-- What needs to be done --
From the data that follows, print exactly the lines starting at the one containing "Tibetan Saddle Cover, Late 19th Century" and ending at the one containing "Mixed Nuts Picture"; include both of them and nothing more.

═════ Data provided

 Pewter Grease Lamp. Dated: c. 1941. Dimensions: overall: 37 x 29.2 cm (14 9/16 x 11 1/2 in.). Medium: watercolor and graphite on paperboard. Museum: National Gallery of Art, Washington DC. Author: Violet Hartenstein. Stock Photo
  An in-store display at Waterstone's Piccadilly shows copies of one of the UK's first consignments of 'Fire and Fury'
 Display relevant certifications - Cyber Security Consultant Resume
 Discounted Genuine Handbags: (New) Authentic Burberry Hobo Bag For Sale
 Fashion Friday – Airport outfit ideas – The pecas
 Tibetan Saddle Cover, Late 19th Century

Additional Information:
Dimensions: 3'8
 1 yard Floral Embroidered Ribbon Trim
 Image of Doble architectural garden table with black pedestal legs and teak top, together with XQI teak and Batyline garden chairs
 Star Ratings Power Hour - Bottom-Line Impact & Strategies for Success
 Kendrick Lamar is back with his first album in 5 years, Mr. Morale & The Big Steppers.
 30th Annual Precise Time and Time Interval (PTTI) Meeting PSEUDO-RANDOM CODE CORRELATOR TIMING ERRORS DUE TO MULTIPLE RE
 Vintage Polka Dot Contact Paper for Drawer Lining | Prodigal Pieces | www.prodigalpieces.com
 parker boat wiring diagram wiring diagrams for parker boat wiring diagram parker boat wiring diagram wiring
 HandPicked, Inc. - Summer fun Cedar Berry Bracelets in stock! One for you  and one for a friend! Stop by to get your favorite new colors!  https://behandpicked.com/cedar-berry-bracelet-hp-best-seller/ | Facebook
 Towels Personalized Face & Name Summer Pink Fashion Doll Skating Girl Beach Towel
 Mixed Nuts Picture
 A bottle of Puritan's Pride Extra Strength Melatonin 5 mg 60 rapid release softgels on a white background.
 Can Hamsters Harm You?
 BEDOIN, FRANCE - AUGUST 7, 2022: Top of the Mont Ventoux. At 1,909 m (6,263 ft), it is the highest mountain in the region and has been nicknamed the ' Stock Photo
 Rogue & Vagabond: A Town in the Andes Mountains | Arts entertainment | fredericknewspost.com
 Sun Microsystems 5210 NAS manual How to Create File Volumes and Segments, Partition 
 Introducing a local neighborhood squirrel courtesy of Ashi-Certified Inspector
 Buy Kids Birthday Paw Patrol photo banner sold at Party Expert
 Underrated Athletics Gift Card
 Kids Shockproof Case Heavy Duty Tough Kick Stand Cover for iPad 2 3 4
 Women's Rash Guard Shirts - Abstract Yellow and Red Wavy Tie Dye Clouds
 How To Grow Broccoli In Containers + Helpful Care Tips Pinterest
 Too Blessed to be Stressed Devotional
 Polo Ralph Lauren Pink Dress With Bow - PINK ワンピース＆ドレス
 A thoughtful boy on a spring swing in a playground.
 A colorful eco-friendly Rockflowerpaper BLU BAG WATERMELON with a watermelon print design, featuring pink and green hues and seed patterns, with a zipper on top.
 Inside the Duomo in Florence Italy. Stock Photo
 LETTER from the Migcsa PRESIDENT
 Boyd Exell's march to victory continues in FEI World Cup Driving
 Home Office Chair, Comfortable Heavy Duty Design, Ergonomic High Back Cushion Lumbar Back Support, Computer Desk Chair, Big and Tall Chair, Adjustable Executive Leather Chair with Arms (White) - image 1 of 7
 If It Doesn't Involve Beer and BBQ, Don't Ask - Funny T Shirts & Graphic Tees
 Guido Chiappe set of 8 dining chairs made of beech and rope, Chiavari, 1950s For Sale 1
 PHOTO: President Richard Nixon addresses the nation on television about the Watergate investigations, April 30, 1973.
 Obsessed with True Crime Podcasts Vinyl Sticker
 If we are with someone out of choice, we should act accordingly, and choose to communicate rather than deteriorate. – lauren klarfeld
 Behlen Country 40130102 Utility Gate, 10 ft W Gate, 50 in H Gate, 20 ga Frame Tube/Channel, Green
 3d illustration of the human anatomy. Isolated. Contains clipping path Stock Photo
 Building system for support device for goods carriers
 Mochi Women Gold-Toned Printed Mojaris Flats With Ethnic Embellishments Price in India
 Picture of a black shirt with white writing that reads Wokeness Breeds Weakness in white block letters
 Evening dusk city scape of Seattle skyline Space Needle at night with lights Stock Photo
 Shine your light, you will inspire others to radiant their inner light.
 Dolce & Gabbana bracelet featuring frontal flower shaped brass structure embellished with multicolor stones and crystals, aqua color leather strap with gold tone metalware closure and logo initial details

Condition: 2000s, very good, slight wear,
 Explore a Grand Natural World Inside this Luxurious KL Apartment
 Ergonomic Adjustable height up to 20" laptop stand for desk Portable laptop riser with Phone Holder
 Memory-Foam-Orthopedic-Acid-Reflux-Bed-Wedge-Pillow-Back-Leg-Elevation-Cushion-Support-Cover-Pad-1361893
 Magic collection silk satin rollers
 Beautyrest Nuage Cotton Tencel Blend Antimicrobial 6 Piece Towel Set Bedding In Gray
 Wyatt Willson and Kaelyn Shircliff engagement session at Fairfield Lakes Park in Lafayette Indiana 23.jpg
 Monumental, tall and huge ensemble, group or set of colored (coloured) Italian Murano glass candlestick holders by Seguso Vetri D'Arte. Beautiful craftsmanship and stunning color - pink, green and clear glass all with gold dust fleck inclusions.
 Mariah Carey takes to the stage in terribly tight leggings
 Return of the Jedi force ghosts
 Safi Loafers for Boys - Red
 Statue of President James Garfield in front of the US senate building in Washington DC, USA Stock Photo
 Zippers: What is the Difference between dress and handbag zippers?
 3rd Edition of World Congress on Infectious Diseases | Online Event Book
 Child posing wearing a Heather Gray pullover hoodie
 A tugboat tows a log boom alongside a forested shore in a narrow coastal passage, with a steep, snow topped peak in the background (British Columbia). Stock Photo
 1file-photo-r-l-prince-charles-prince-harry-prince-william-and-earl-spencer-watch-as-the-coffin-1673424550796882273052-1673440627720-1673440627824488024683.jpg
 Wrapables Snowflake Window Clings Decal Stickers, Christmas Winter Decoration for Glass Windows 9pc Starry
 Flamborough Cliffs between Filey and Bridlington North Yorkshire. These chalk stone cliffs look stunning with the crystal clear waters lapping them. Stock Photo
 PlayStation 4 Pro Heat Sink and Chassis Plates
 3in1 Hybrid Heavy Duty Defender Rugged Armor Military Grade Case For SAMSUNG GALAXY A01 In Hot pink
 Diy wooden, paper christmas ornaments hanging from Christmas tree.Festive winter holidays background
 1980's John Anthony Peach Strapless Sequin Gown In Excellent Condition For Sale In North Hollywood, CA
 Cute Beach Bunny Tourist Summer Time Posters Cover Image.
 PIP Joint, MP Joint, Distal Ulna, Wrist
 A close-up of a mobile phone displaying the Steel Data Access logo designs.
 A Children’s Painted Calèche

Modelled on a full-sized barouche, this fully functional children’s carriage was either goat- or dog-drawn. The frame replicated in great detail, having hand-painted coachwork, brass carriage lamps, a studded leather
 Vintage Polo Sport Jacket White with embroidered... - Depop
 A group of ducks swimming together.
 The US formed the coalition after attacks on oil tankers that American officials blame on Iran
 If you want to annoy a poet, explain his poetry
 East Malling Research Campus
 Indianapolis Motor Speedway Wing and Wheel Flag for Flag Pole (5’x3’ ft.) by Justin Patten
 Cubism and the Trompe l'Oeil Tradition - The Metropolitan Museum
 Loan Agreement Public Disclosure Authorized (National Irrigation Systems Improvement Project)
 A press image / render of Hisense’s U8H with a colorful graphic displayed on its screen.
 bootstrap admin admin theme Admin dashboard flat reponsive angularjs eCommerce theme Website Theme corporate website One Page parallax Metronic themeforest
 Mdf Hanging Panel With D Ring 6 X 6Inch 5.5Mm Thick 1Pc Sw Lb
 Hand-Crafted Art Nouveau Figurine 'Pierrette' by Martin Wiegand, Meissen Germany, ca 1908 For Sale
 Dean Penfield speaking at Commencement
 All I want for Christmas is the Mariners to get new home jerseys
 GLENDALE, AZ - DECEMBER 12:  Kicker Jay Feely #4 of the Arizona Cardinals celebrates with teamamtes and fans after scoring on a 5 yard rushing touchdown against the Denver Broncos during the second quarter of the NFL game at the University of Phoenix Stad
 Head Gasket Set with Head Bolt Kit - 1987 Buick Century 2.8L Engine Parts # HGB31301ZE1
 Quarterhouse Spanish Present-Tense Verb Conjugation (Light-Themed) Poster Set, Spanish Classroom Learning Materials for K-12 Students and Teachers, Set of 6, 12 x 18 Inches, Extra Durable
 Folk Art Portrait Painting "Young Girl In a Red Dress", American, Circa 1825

══════════

-- Solution for this task --
 Tibetan Saddle Cover, Late 19th Century

Additional Information:
Dimensions: 3'8
 1 yard Floral Embroidered Ribbon Trim
 Image of Doble architectural garden table with black pedestal legs and teak top, together with XQI teak and Batyline garden chairs
 Star Ratings Power Hour - Bottom-Line Impact & Strategies for Success
 Kendrick Lamar is back with his first album in 5 years, Mr. Morale & The Big Steppers.
 30th Annual Precise Time and Time Interval (PTTI) Meeting PSEUDO-RANDOM CODE CORRELATOR TIMING ERRORS DUE TO MULTIPLE RE
 Vintage Polka Dot Contact Paper for Drawer Lining | Prodigal Pieces | www.prodigalpieces.com
 parker boat wiring diagram wiring diagrams for parker boat wiring diagram parker boat wiring diagram wiring
 HandPicked, Inc. - Summer fun Cedar Berry Bracelets in stock! One for you  and one for a friend! Stop by to get your favorite new colors!  https://behandpicked.com/cedar-berry-bracelet-hp-best-seller/ | Facebook
 Towels Personalized Face & Name Summer Pink Fashion Doll Skating Girl Beach Towel
 Mixed Nuts Picture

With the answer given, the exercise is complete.